Data of 7132 patients were analyzed. At baseline, the mean blood pressure (BP) was 158.8 ± 17.7 mmHg (systolic, sBP) and 91.5 ± 10.7 mmHg (diastolic, dBP). The most common cardiovascular risk factors were positive family history, dyslipidemia, and diabetes mellitus. The most commonly used daily doses of A + V + H at study end were 5/160/12.5 mg (30.5%) or 10/160/12.5 mg (33.1%).

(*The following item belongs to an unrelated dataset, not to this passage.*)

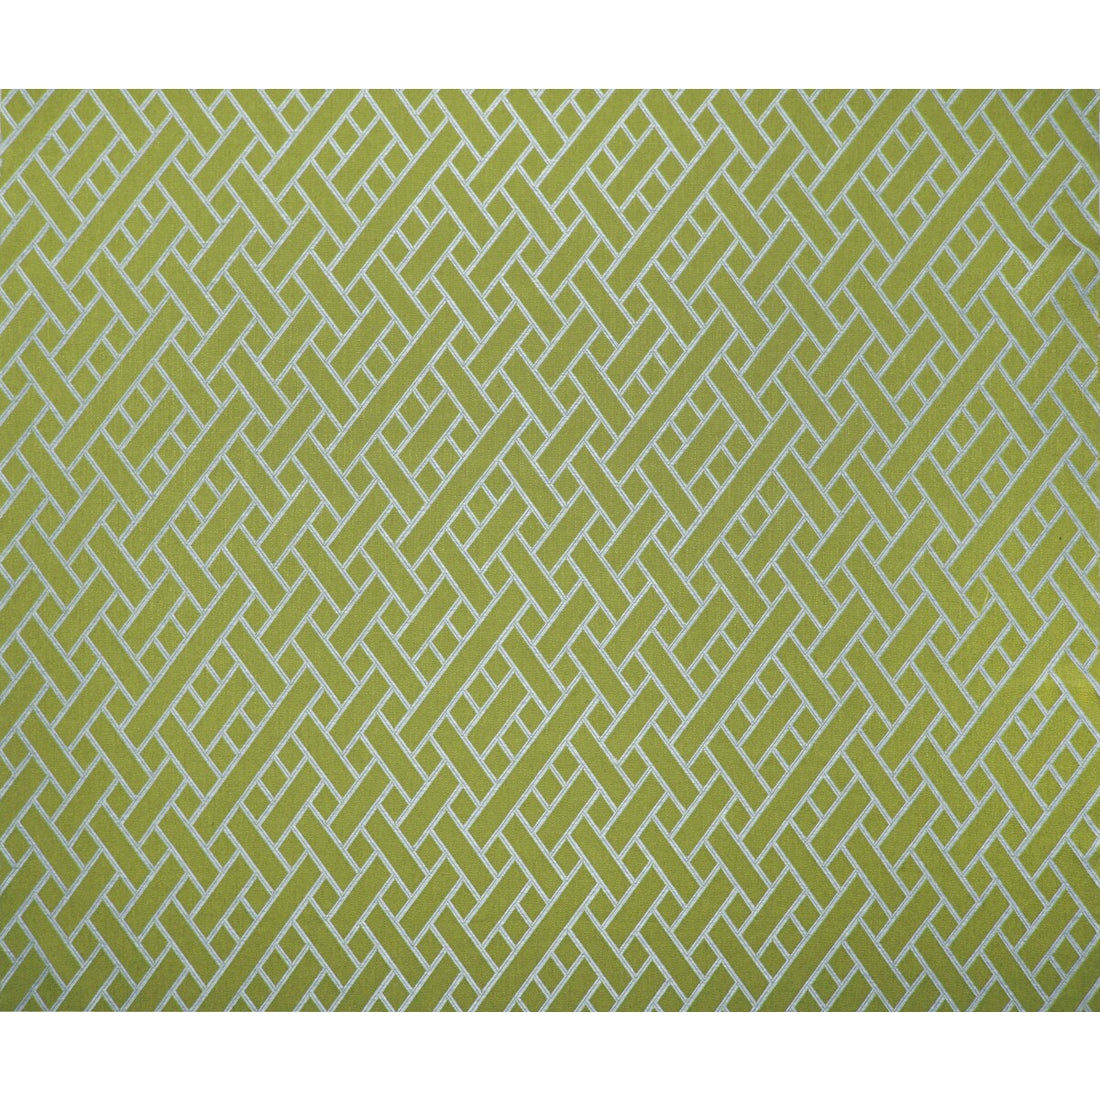 Nairobi fabric in verde color - pattern GDT5374.4.0 - by Gaston y Daniela in the Gaston Africalia collection

At the last visit mean BP was 135.0 ± 11.8 mmHg (sBP) and 80.2 ± 7.3 mmHg (dBP). The mean BP reduction at last visit compared with baseline was -23.7 ± 17.5 mmHg (sBP) and -11.3 ± 10.6 mmHg (dBP); 43.5% of the patients reached normalization (BP <140/90 mmHg for non-diabetics or <130/80 mmHg for diabetics) and 71.3% reached therapeutic response (sBP <140 or ≥20 mmHg decrease vs baseline and dBP <90 or ≥10 mmHg decrease vs baseline in non-diabetic patients and sBP <130 mmHg or ≥20 mmHg decrease vs baseline and dBP <80 mmHg or ≥10 mmHg decrease vs baseline in patients with diabetes). Adverse events (AEs) were recorded in 2.3% of the patients, the most frequent being peripheral edema (0.6%) and dizziness (0.2%).

CONCLUSIONS

In daily practice, A + V + H single-pill treatment effectively lowered the average BP in patients with essential hypertension and was well tolerated.